As part of my Twitter takeover for the @IAmSciComm account recently I talked about the “Elevator Pitch” and how to communicate the importance of your science quickly and to a(n often) lay audience. If you’re not sure why you should spend time on your elevator pitch remember that networking is a huge part of science, getting your audience excited about your work can lead to collaborations, new opportunities and funding!
So here is a summary of what we discussed:
You may already know that much of my research is focused on genetics and disease - whether its rare diseases such as muscular dystrophy and cardiomyopathy, or heart function measures such as the ECG. They can be fairly easily related to problems that society can understand are important, but it can be harder when you’re trying to convince someone of the importance of your “basic” research question.
Sometimes the easiest place to start is to focus on why you became interested in the problem/question - if it got your attention maybe it will work for others too.
But what if there is no obvious “real world” application for your work just yet ... well then your first task might be to highlight how fundamental discoveries have led to important applications that can impact society - one example might be the identification of CRISPR sequences in bacteria.

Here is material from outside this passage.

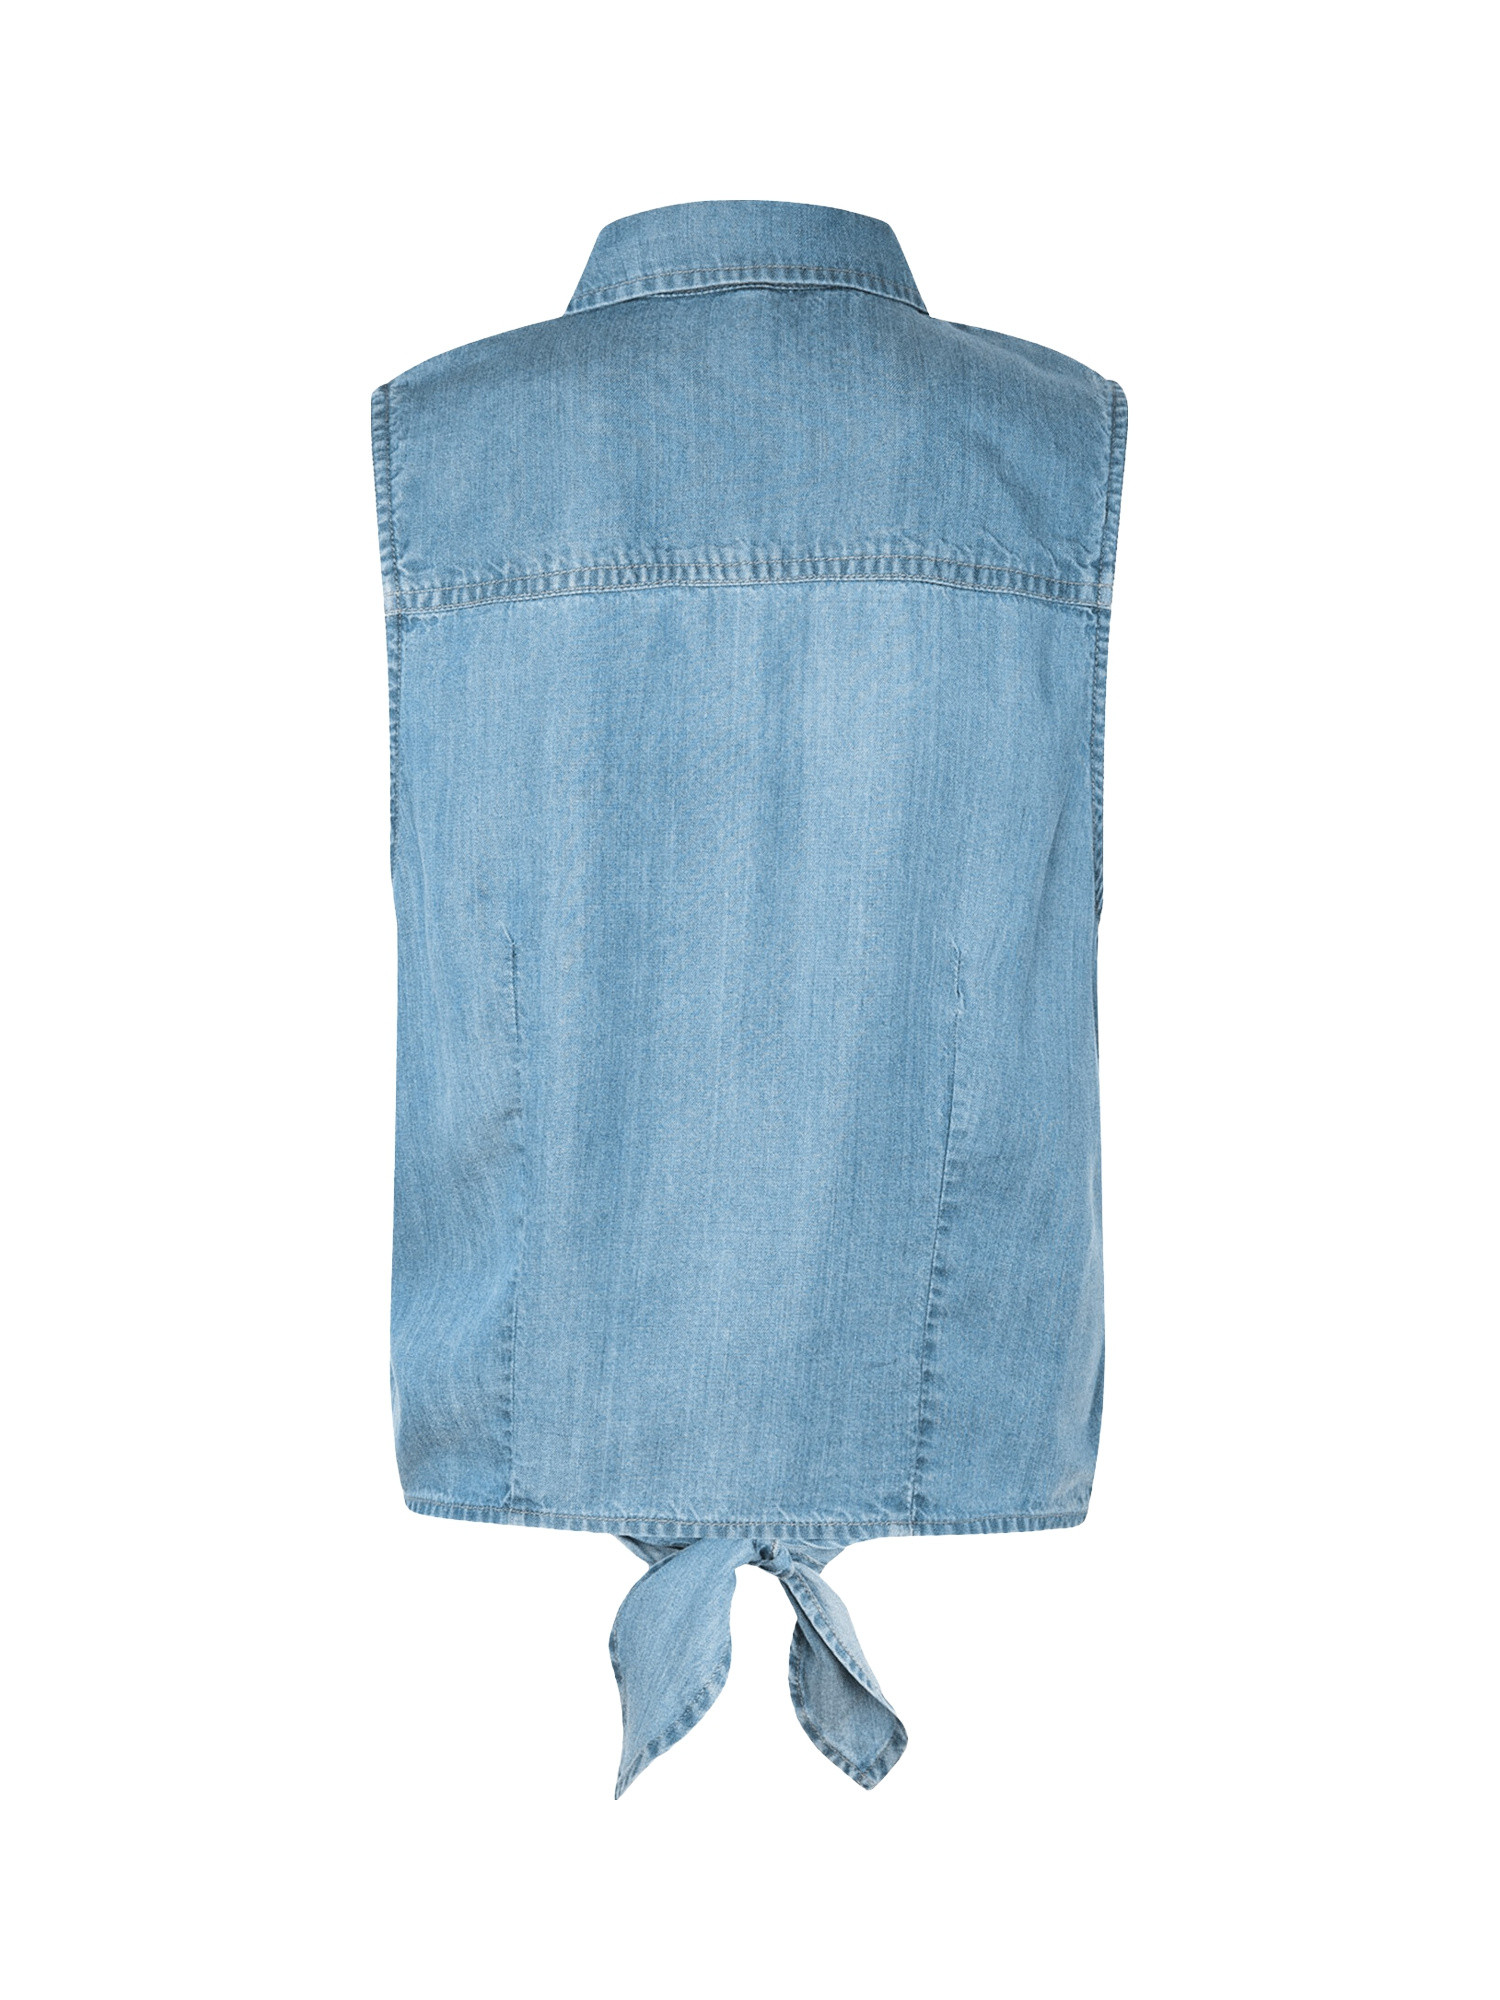 Pepe Jeans -  Camicia smanicata regular fit, Denim, large image number 1

Most people have now heard of “gene editing” and “molecular scissors” or CRISPR-Cas9.
Although you may start with these examples of how fundamental research has led to great things, be careful not to claim too much of your own work just yet because of course often we don’t know what will come of our work at such an early stage.
What you can be sure of is that through your research you will collect information about how the world works and this will increase our knowledge allowing future work to build upon this, and this could in turn lead to important discoveries that impact society. A great example is the editorial written in Science Magazine in 1989 when the Cystic Fibrosis Gene was first identified:
So lets say now that you’re ready to put together your elevator pitch - well it’s a good idea to make note of who your target audience is. Whilst the approach is similar you may for example use more technical language if talking to a scientific audience.
If you’re thinking of how to break it down start with the ‘problem or question’ - again this is where your audience matters because you want them to see this problem/question as being relevant to them too.
1. Know your audience & what motivates them,
2. Link this to the big picture of what you’re working on,
3. Tell them what’s innovative about your work/how it’s trying to address the big problem,
4. Talk about the impact of your work & who will be the first to benefit.
And remember you’re not aiming to tell them everything, you just want to spark their interest enough that they will ask questions to find out more! ...and why not use your Elevator Pitch as an intro when presenting a poster at your next conference, or if you use Twitter use it to summarise your latest paper.
Most importantly keep in mind that you won’t be great straight away - it takes time and effort to find the best way to get your message across, so don’t give up, and remember to keep practicing!
(NB it’s also worth mentioning that not everyone will be interested in your research question however great your elevator pitch is - so don’t worry if you leave some people unenthused!)